**Task requirements**
Please write out only the lines from the line with "Queen Cutlery Canoe" to the line with "LifeSafer's ignition interlock", inclusive, exactly as they stand below, without the pictures.

━━ Extracted material

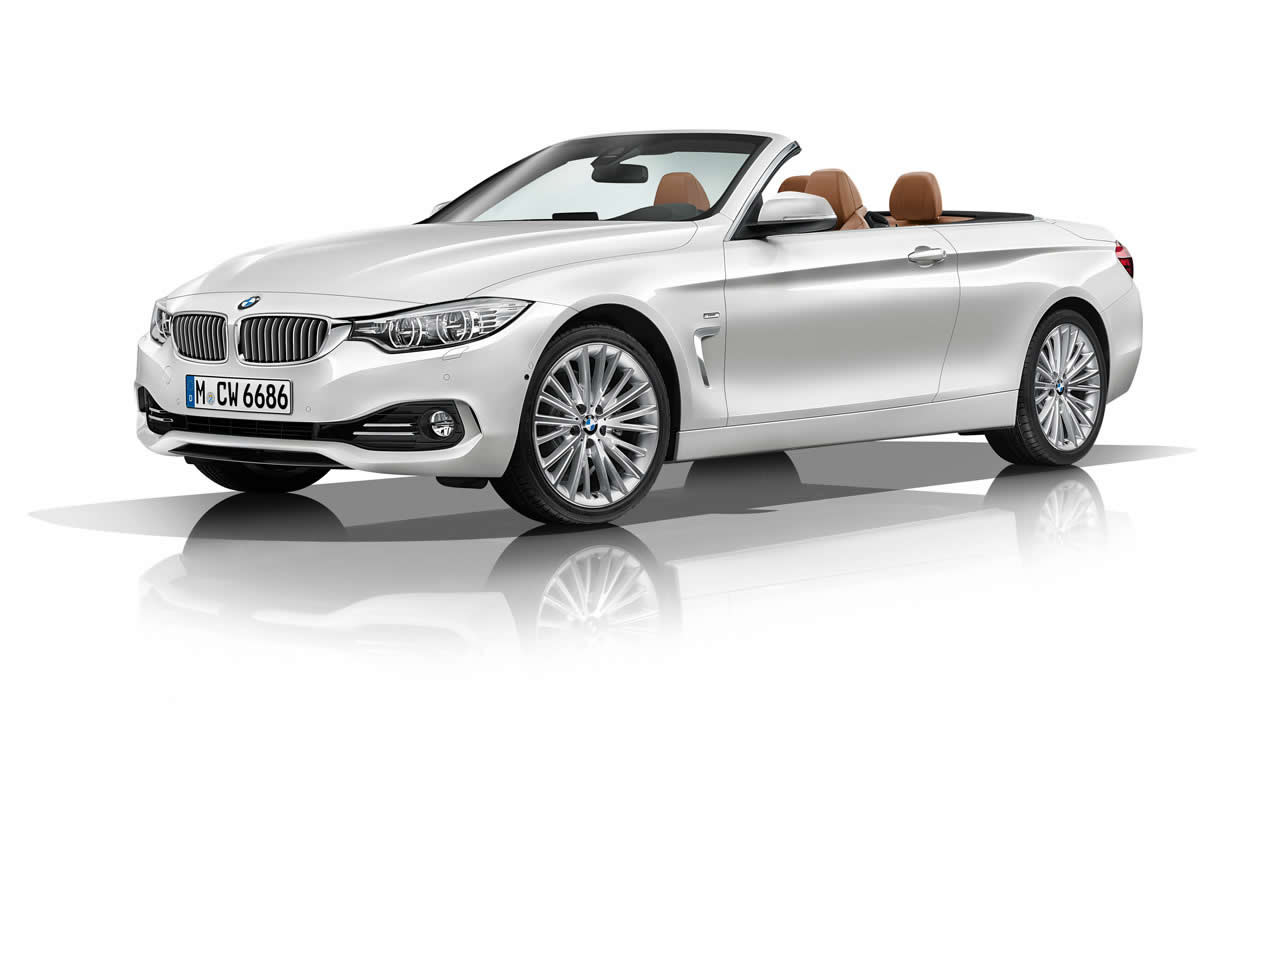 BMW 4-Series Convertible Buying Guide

━━━━
━━ Extracted material

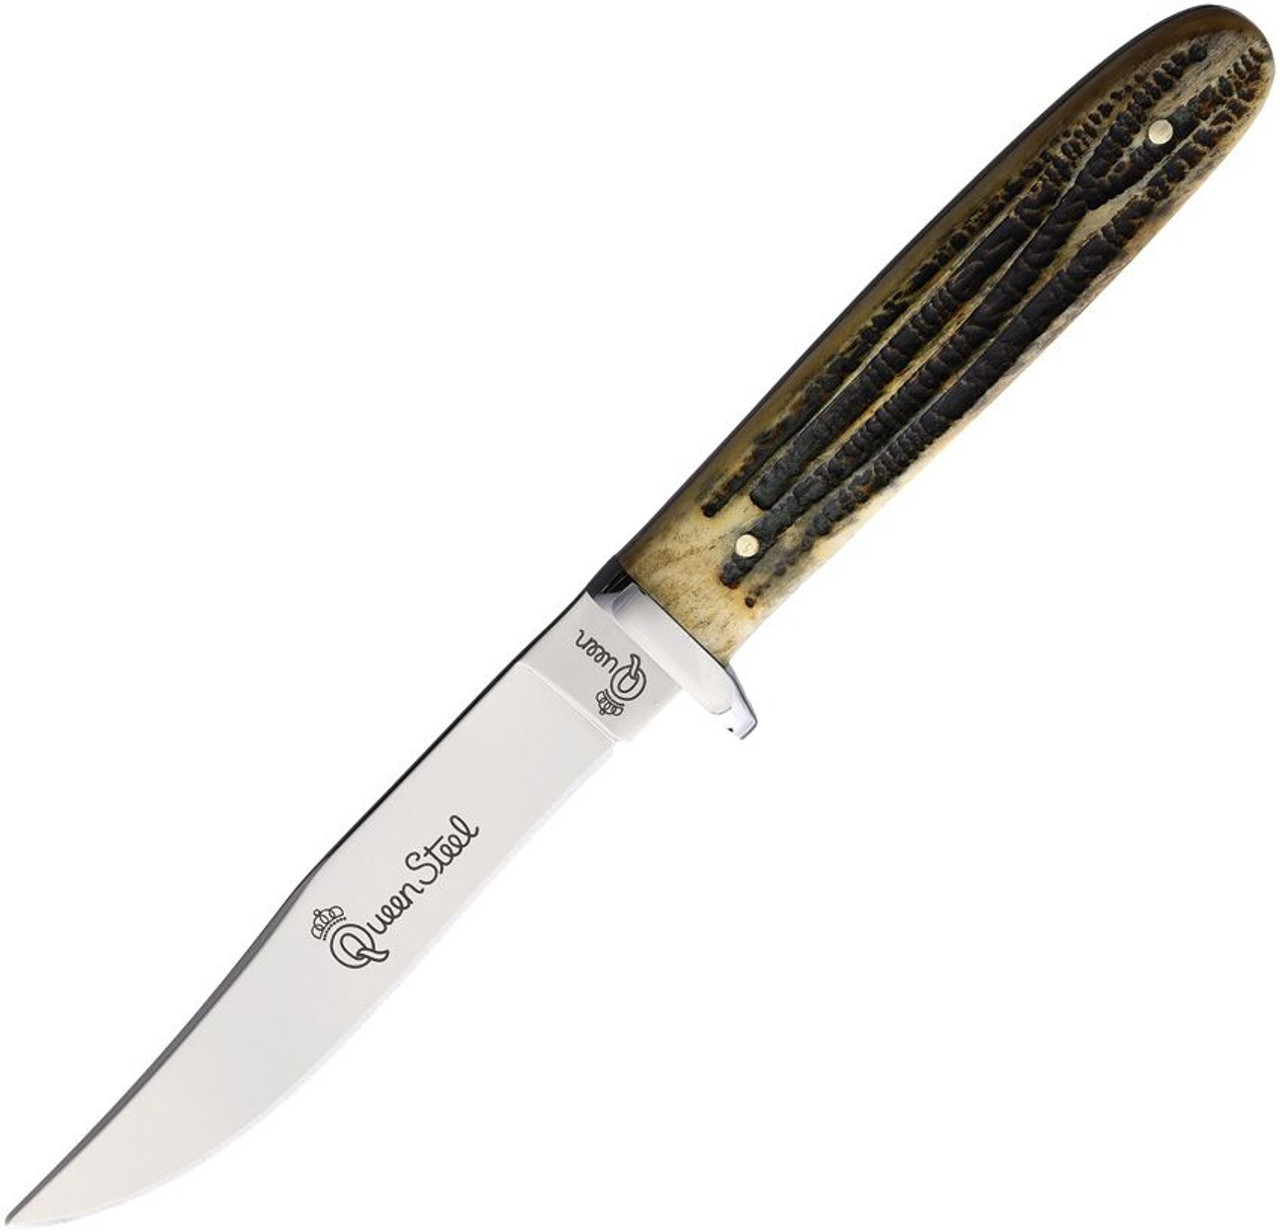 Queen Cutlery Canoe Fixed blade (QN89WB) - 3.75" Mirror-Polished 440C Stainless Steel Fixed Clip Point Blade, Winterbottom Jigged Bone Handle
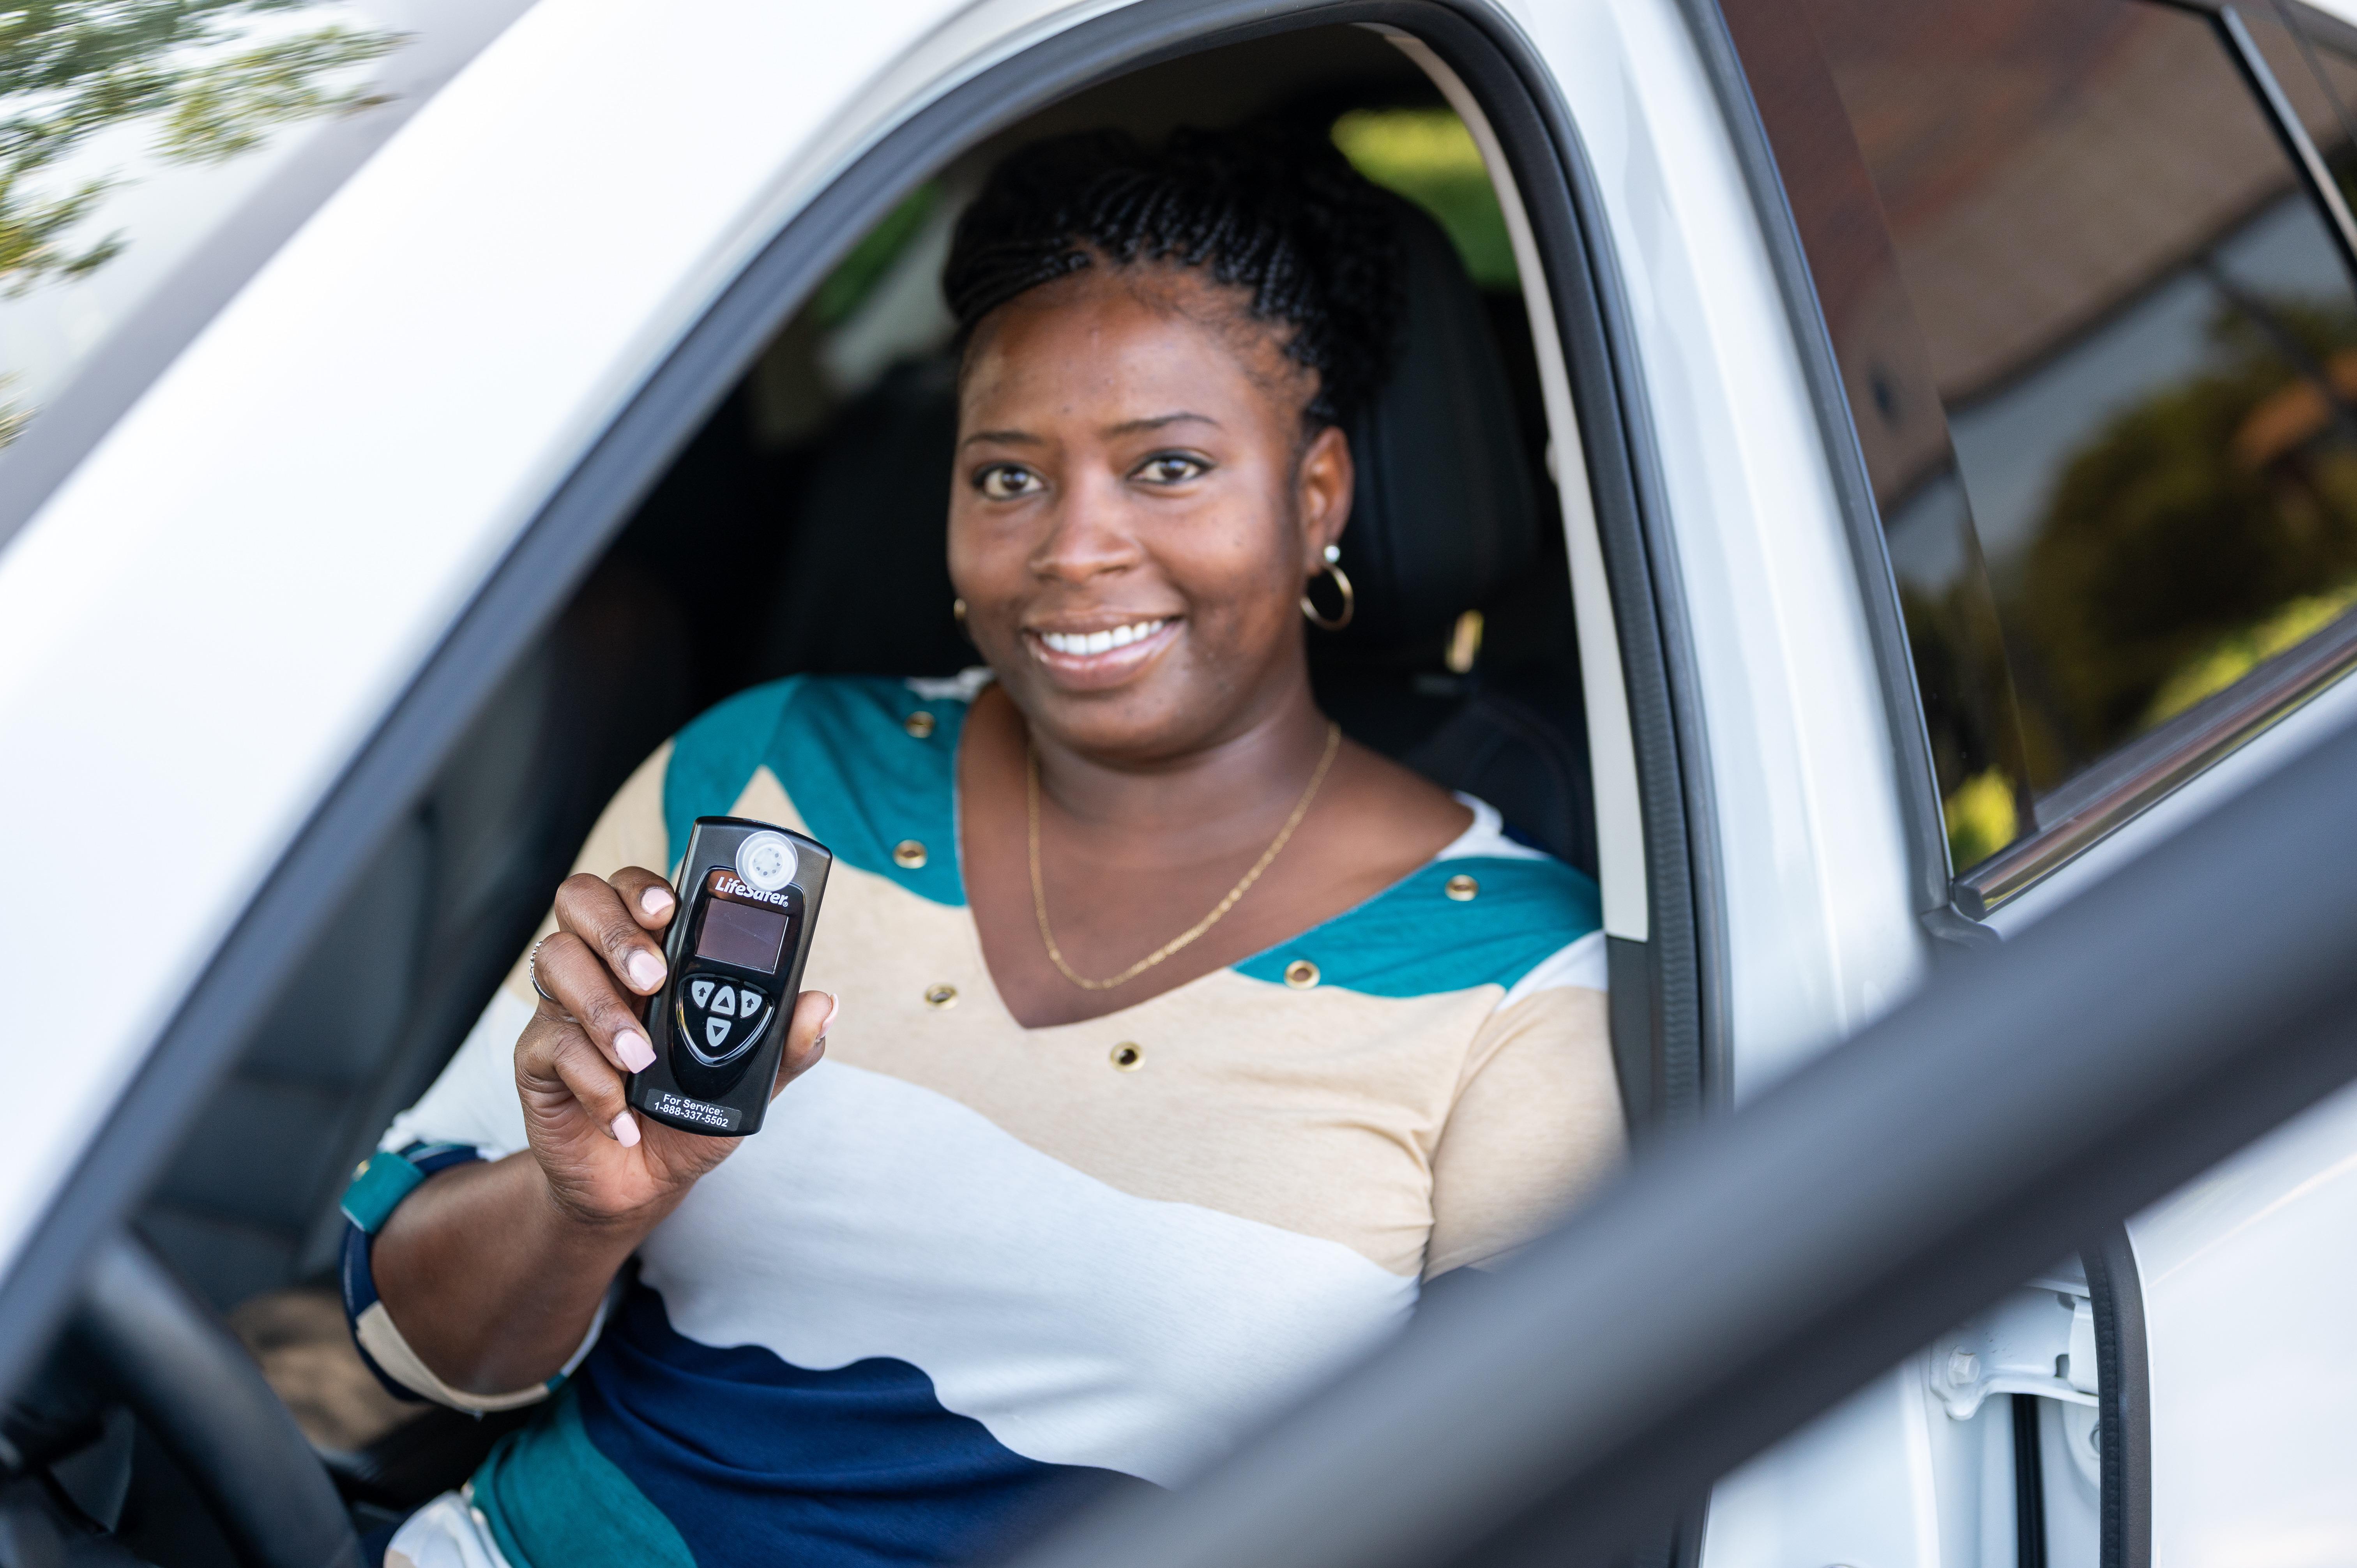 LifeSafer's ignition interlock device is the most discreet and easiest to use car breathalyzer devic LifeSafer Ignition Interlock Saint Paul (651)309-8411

━━━━

**Solution below**
 Queen Cutlery Canoe Fixed blade (QN89WB) - 3.75" Mirror-Polished 440C Stainless Steel Fixed Clip Point Blade, Winterbottom Jigged Bone Handle
 LifeSafer's ignition interlock device is the most discreet and easiest to use car breathalyzer devic LifeSafer Ignition Interlock Saint Paul (651)309-8411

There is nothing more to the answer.